COVID-19 lessons can eliminate malaria 2023


World Malaria Day, celebrated last week, highlights the disease’s ongoing threat. It’s surprising that the world needs reminders to eradicate a communicable illness that has been present for centuries but still kills over 620,000 people and infects over 250 million.

Malaria is communicable, hence it can be eradicated like other contagious diseases have been. COVID-19, the most recent and deadly pandemic, is an example. Three years later, it is marginalized.

An ancient disease still plagues humans. However, most infections and deaths occur in Africa and Asia, not the rich world. After over 50 years of doctors and healthcare workers calling for a malaria vaccine, British pharmaceutical company GSK has finally developed one.

Because most users are poor in developing nations, the vaccine took so long to develop. Big Pharma cannot make billions.

The vaccine would have been made in months in a rich country at risk. The COVID-19 pandemic shows how swiftly Big Pharma can respond to rich world needs for medication and vaccines.

December 2019 identified COVID-19. On Dec. 11, 2020, the FDA approved Pfizer’s first vaccine. The vaccine was developed fast, and Pfizer and other large drug companies were able to build the manufacturing infrastructure in months, producing tens of billions of doses. By 2022, Pfizer manufactured 4 billion doses, up from 3 billion in 2021.

Like malaria. GSK and other vaccine researchers are unlikely to produce either the 40 million to 60 million doses needed by 2026 or the 80 million to 100 million needed by 2030. The Vaccine Alliance reported last week that malaria vaccine production and distribution must be increased immediately.

It is encouraging that a second vaccine, developed by Oxford University in the UK and manufactured bythe Serum Institute of India, the global vaccine workhorse that produced half of the COVID-19 pandemic vaccines, is likely to be prequalified soon.

Vaccine Alliance estimates are concerning. Malaria killed 475,000 African children under five in 2021, making it one of the greatest killers. It is telling that, after two decades of concerted action, mostly by nongovernmental organizations and the UN, the death toll of young children in Africa has declined by a third since 2000, leaving the continent with a long and difficult road ahead toward total elimination.

The World Health Organization believes the world is on track to reduce malaria incidence and deaths by 90% by 2030. However, malaria deaths are falling painfully slowly. In Africa, where 95% of malaria infections occur, only large-scale immunizations can meet the double targets.

Not difficult. Three years of pandemic have improved vaccine manufacturing and distribution. Simply use it. However, almost everyone except Africans and their governments makes decisions. Power and money are elsewhere.

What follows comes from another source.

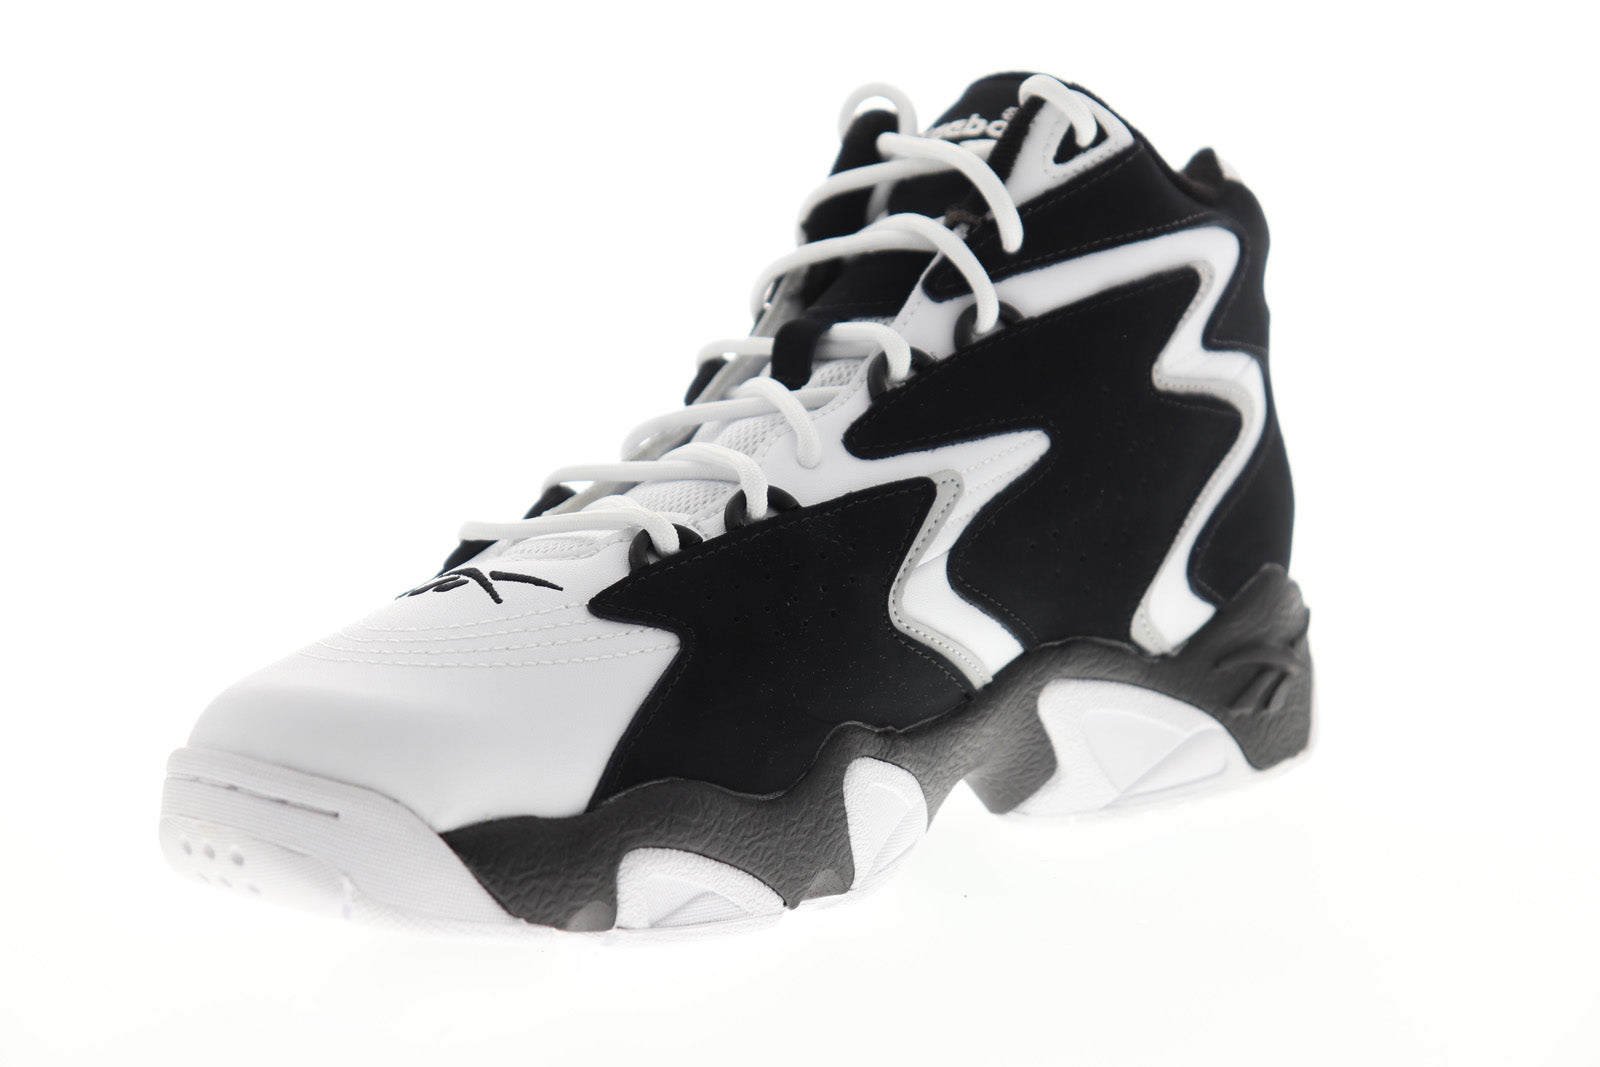 RARE🔥 Reebok ZigTech Basketball Sneakers Sz 11.5 Men's White Gray Zig  Zag Sole

The Vaccine Alliance is right that governments, pharmaceutical companies, NGOs, and multilateral organizations must work together to swiftly increase vaccine manufacturing and distribution capacity to reach needy Africans with the malaria vaccine.

Many African nations lack money. Thus, the world must provide vaccines.

First, Big Pharma shouldn’t profit billions by rescuing African children. Western corporate boardrooms are increasingly discussing environmental, social, and governance responsibilities, and it would be hard to find a social responsibility more important than this. Multinational giants should rapidly scale up vaccine production and supply them at cost or even for free.

Distributors must help get vaccines from manufacturing to patients. COVID-19 taught us how to handle, store, and transport vaccines. As during the pandemic, governments must launch special campaigns to vaccinate the most people in the shortest time.

Rich nations and Big Pharma must forget the vaccination divide from the epidemic. The rich countries hoarded billions of vaccination doses from the start. Western nations received four or five doses per head, but African nations received only 0.3. Governments, businesses, and public society must prevent malaria prejudice.